What does this PR do?

This PR fixes how Elastic Agent persists and reports upgrade details across check-ins, restarts, cancellations, and expired scheduled upgrade actions.

Specifically:

  • (95ab857) Ensures the Coordinator is initialized with the correct upgrade details, either from the upgrade marker file or queued Fleet actions.
  • (95ab857, cabe8c7) Extends the ActionDispatcher logic to:
    • Deduplicate upgrade actions from the received fleetgateway actions by keeping only the first encountered upgrade in input order.
    • Correctly track when upgrade details need to be updated (new upgrade actions, cancellations, expirations, etc.).
    • Correctly handle upgrade action cancellations.
    • Correctly handle expired scheduled upgrade actions and keep persisting them until explicitly canceled or replaced by a newer upgrade action.
    • Correctly handle retried upgrade actions.
    • Correctly update upgrade details when an upgrade action is scheduled for a retry.
    • Correctly update the upgrade details to nil when an upgrade action is dispatched without an error.
  • (a16a9f3) Refactors and extends related dispatcher tests to include an actual action queue and cover new flows (queueing, canceling, expiring).
  • (3e7324e) Adds new integration tests under testing/integration/ess/scheduled_upgrade_details_test.go to verify that scheduled upgrade details are:
    • Reported correctly when received.
    • Reported correctly when expired.
    • Preserved across Agent restarts.
    • Cleared on cancel.

All the new business logic is captured by 95ab857 (+234 -126 lines changed) and cabe8c7 (+174 -20 lines changed)

Why is it important?

Previously, scheduled upgrade details could be lost or incorrectly reported:

  • They were not consistently preserved across Agent restarts.
  • Cancel actions did not clear the reported upgrade details.
  • Expired scheduled upgrade actions were treated as ephemeral and not persisted.

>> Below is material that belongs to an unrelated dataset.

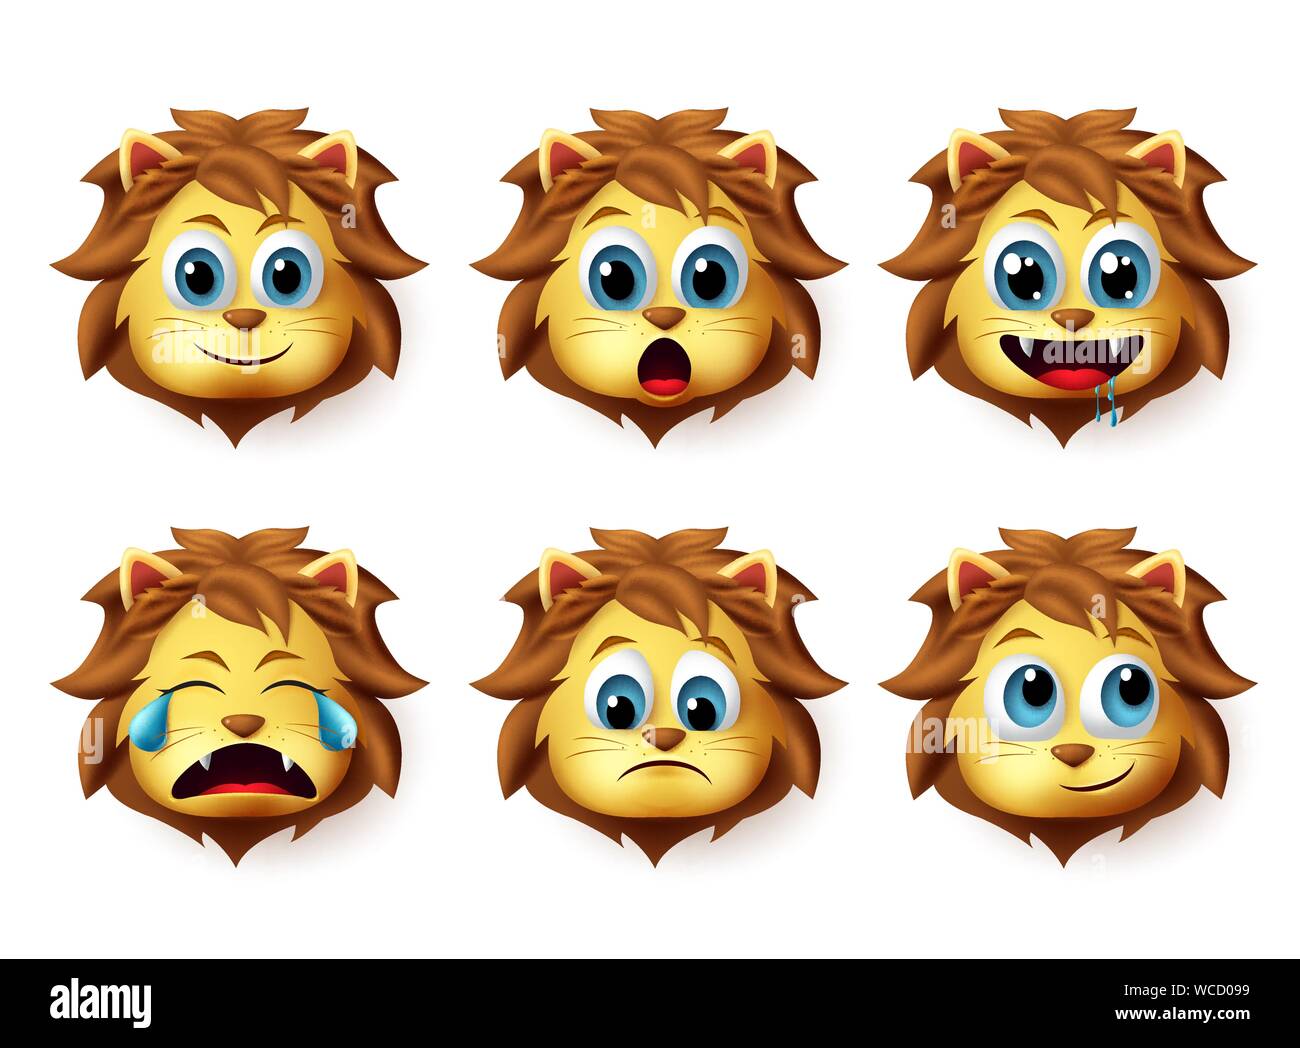 Emoticones de Animales León conjunto de vectores. Los leones emoji y emoticono en lindo feliz expresión facial aislado en fondo blanco. Ilustración vectorial. Ilustración del Vector

These inconsistencies caused confusion in Fleet UI and sometimes left users unable to perform upgrades.
With this fix, users now get a consistent and accurate view of upcoming, active, or failed upgrades across the entire Agent lifecycle.

Checklist

  • I have read and understood the pull request guidelines of this project.
  • My code follows the style guidelines of this project
  • I have commented my code, particularly in hard-to-understand areas
  • I have made corresponding changes to the documentation
  • I have made corresponding change to the default configuration files
  • I have added tests that prove my fix is effective or that my feature works
  • I have added an entry in ./changelog/fragments using the changelog tool
  • I have added an integration test or an E2E test

Disruptive User Impact

None expected. This change only improves correctness of reported upgrade details.
Users upgrading to this version will see more consistent and reliable upgrade state reporting in Fleet.

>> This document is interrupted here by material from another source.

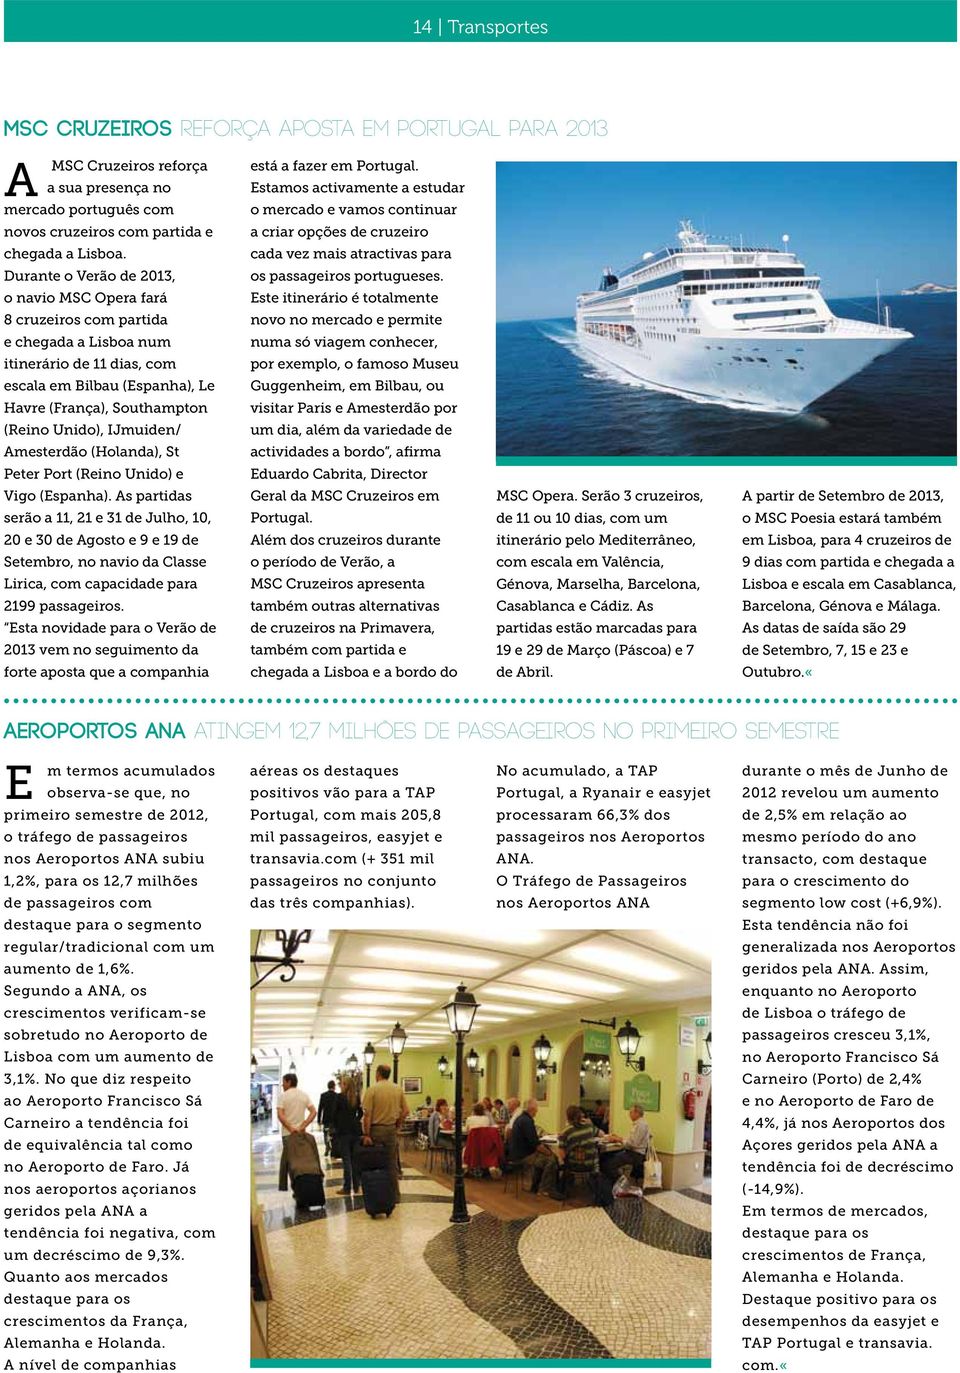 Durante o Verão de 2013, o navio MSC Opera fará 8 cruzeiros com partida e chegada a Lisboa num itinerário de 11 dias, com escala em Bilbau (Espanha), Le Havre (França), Southampton (Reino Unido),

How to test this PR locally

  1. Run the new integration tests
  2. Or build the code of this PR
  • Provision a 9.1.2 cloud stack
  • AGENT_PACKAGE_VERSION=9.1.1 EXTERNAL=true SNAPSHOT=true PLATFORMS="linux/arm64" PACKAGES="tar.gz" mage package (ty @ycombinator for the proposal)
  • Install and enroll the Agent to Fleet
  • Schedule an upgrade → check it is reported.
  • Restart the Agent → check details persist.
  • Cancel the upgrade → check details clear.
Screen.Recording.2025-08-26.at.5.12.03.PM.mov

Also I tested the approach mentioned here to force update an agent and everything is reflected correctly to the upgrade details

Screen.Recording.2025-08-27.at.12.42.49.AM.mov

(PS: For the needs of the videos above I compiled this PR with pseudo prior version 9.1.1)

Related issues

* fix: persisting and reporting of upgrade details

* ci: align and extend dispatcher unit-tests

* ci: update coordinator and application new signatures in unit-tests

* ci: add integration tests for scheduled upgrade details

* doc: add changelog fragment

* doc: reword existing and add more comments in code

* feat: change queuedUpgradeActions inside dispatchCancelActions to have values of struct{}

* fix: remove redundant continue

* fix: dedupe upgrade actions from fleetgateway actions, handle correctly the expiration of retried stored actions, and update upgrade details on retries

(cherry picked from commit ff80471)

# Conflicts:
#	internal/pkg/agent/application/application.go
#	internal/pkg/agent/application/coordinator/coordinator.go
#	internal/pkg/agent/cmd/run.go
@mergify mergify bot added backport conflicts There is a conflict in the backported pull request labels Sep 1, 2025
@mergify mergify bot requested a review from a team as a code owner September 1, 2025 08:15
@mergify mergify bot requested review from nkvoll and blakerouse and removed request for a team September 1, 2025 08:15
Copy link
Contributor Author

mergify bot commented Sep 1, 2025

Cherry-pick of ff80471 has failed:

On branch mergify/bp/8.18/pr-9562
Your branch is up to date with 'origin/8.18'.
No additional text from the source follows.